Detention Reform Pays Off: Bed Reductions Are Saving JDAI Sites More Than $100 Million Per Year

Posted January 8, 2015, By the Annie E. Casey Foundation

Above: Photo credit: Richard Ross

As an update to its earlier publication, Two Decades of JDAI: From Demonstration Project to National Standard, the Foundation has released a progress report detailing the cumulative impact of the Juvenile Detention Alternatives Initiative (JDAI) nationwide. The new publication provides a history of the initiative, a description of its rationale and core strategies, an update on the status of replication efforts nationwide and the results achieved in participating jurisdictions. There also is a discussion of continuing challenges and future directions for the detention reform movement.
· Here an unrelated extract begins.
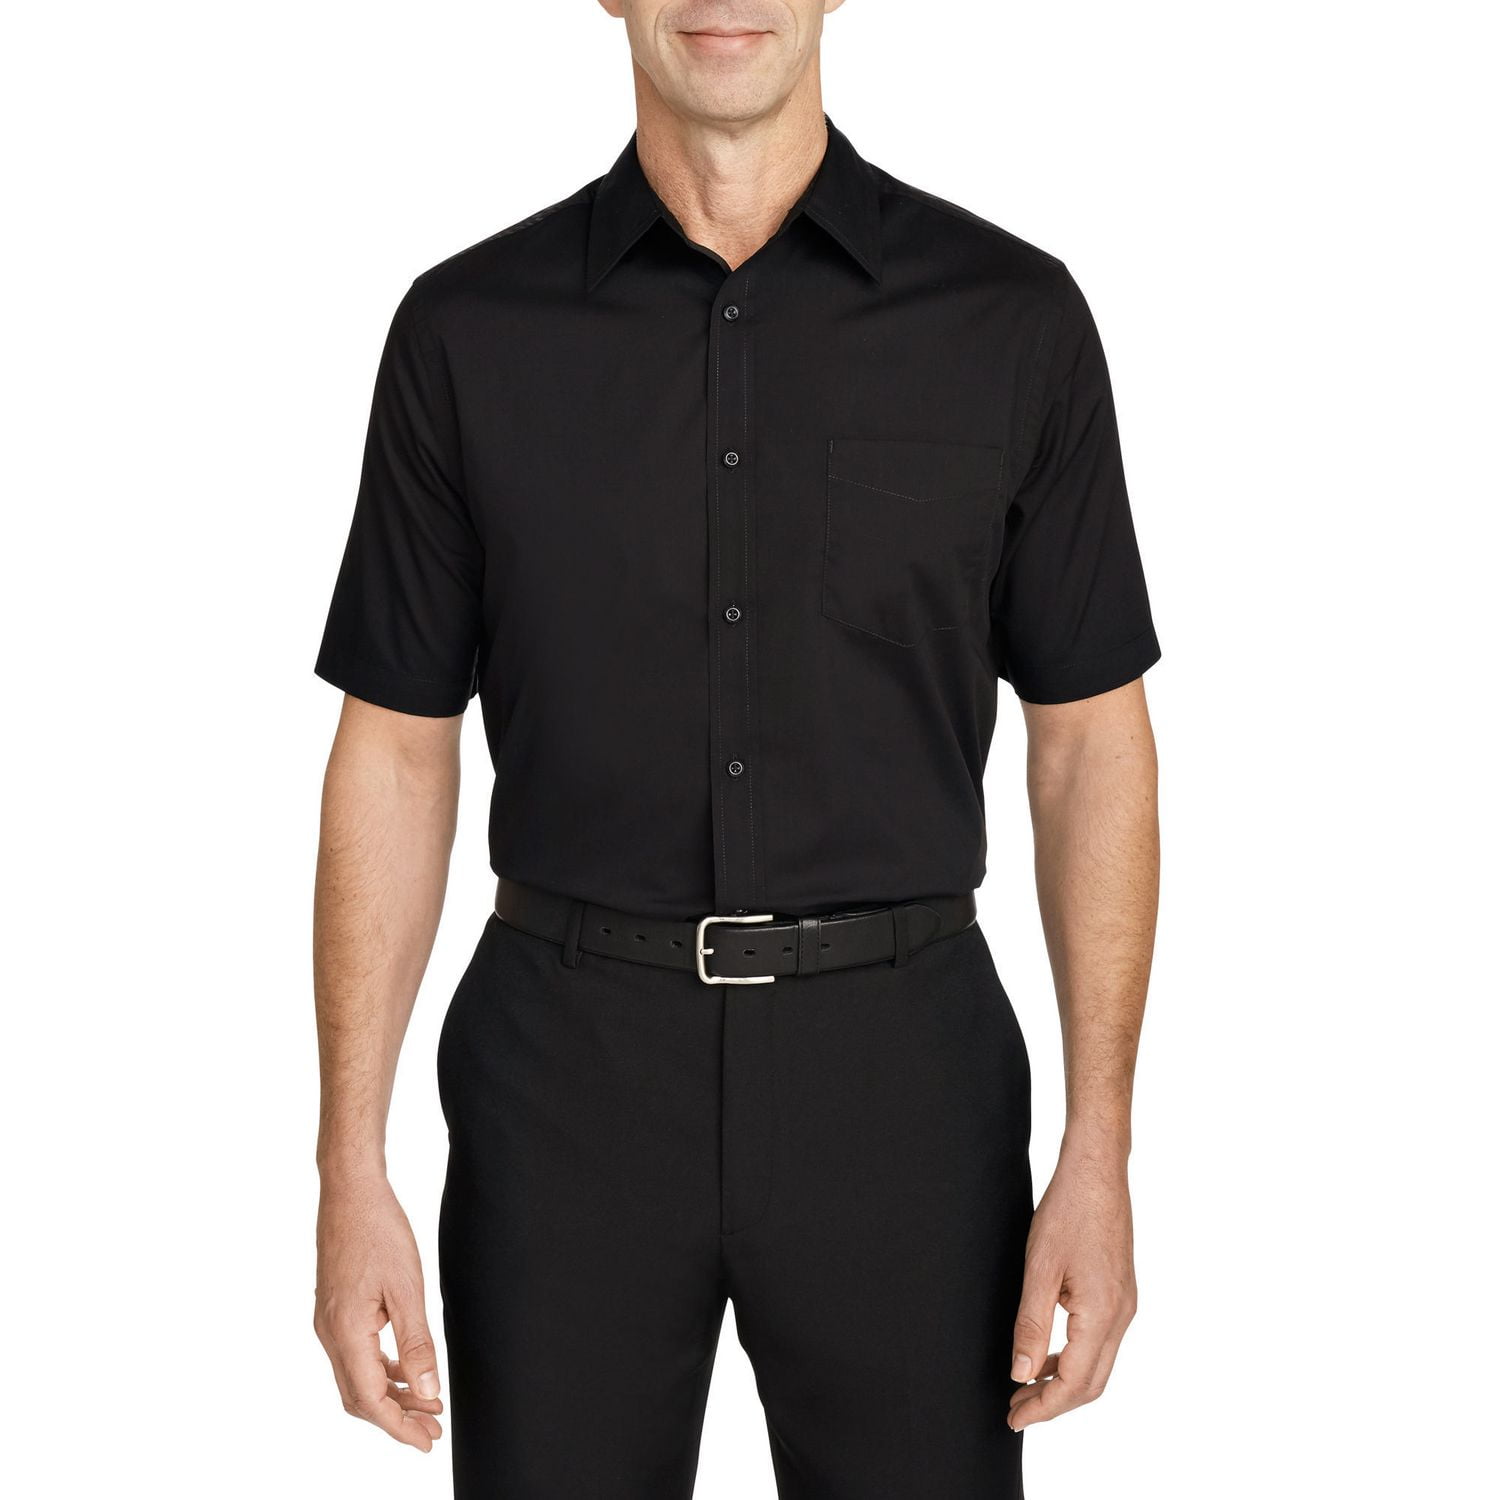 George Men's Short Sleeve Dress Shirt

The report is chocked full of information. However, one piece of new data stands out: the detention facility operating cost savings realized by JDAI sites that have shuttered detention units or closed entire facilities thanks to the population reductions achieved through their detention reform efforts.
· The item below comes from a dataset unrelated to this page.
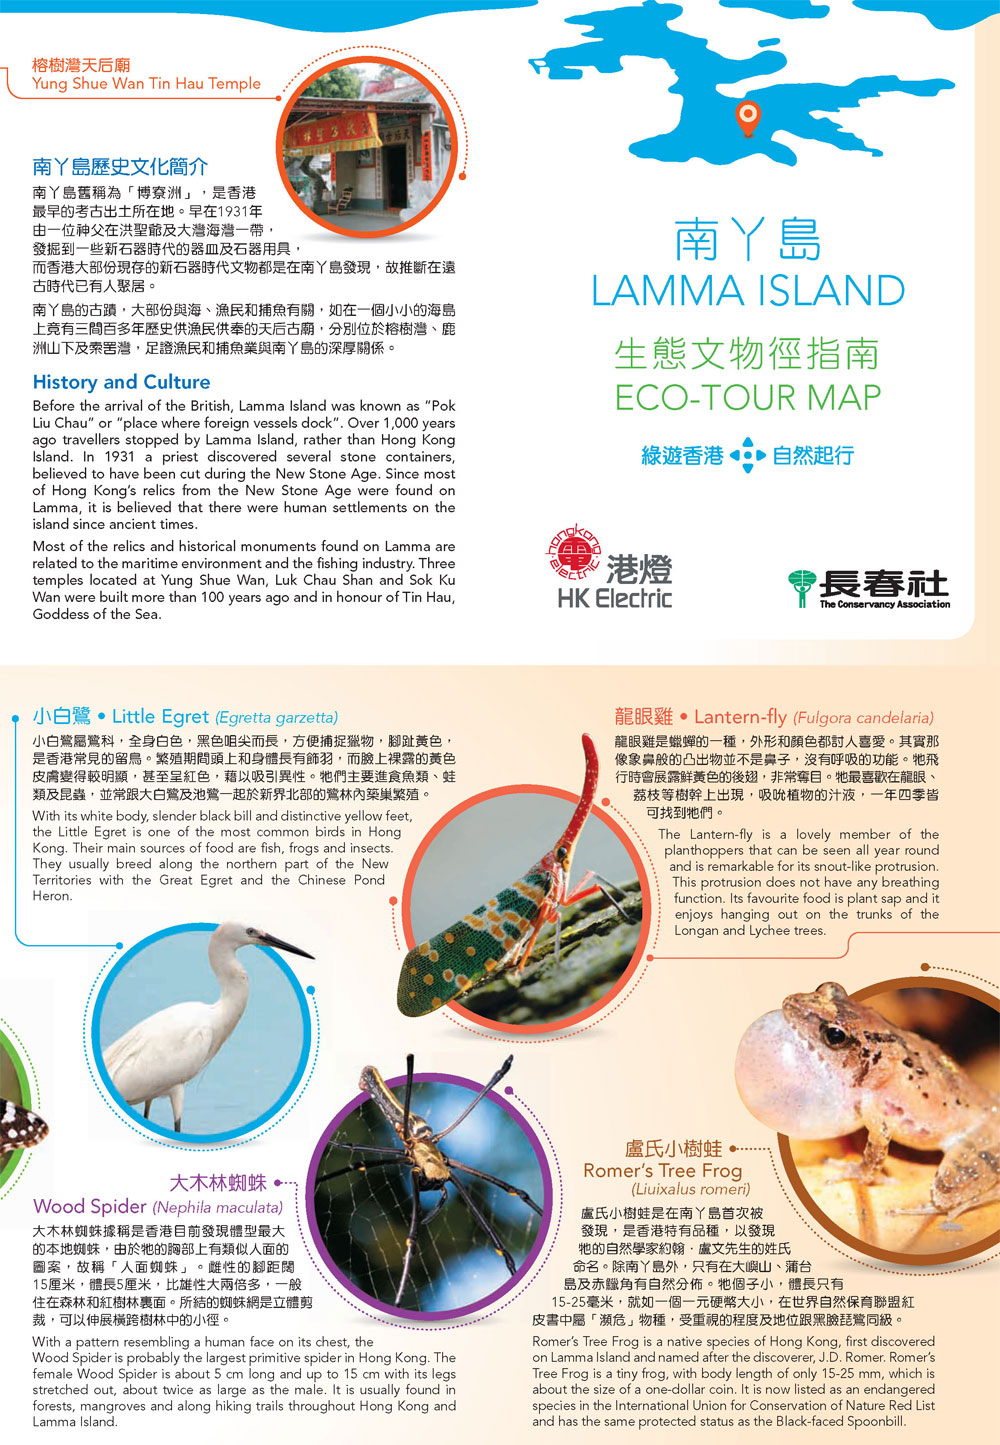 GHKG_lamma_island_ecotour_map_Page_1a.jpg

The report finds that as of 2013, 56 sites had reduced bed capacity in their detention facilities since entering JDAI. Together, these sites have closed or shuttered detention units with a combined total of 2,050 beds. That means fewer staff dedicated to secure detention, fewer meals, fewer maintenance costs… a whole lot of savings.

How much, exactly?  

While no credible national estimate of the average daily cost of detention has been calculated in recent years, an Internet scan of recently published detention cost estimates turned up annual costs ranging from $55,000 to $238,000 per bed, with a median of $82,000. Using a conservative range of $60,000 to $80,000 per year, JDAI sites are realizing $123 million to $164 million each year in reduced costs for secure detention, with a best guess estimate (at $70,000 per bed) of $143.5 million per year.

The savings have benefited JDAI jurisdictions in two ways. First, they have helped states and localities ease the dire fiscal crises they have faced since the recession emerged in 2009, limiting the need for cutbacks in essential programs and services. Second, many JDAI jurisdictions have reallocated funds saved by decommissioning detention facility beds to support more and better detention alternatives programming, dedicated staff for detention reform (such as site coordinators, case expediters and data specialists), and/or new programming aimed at improving their juvenile justice systems more broadly.

While none of the JDAI sites went into detention reform for the money, these savings are nonetheless proving a welcome windfall.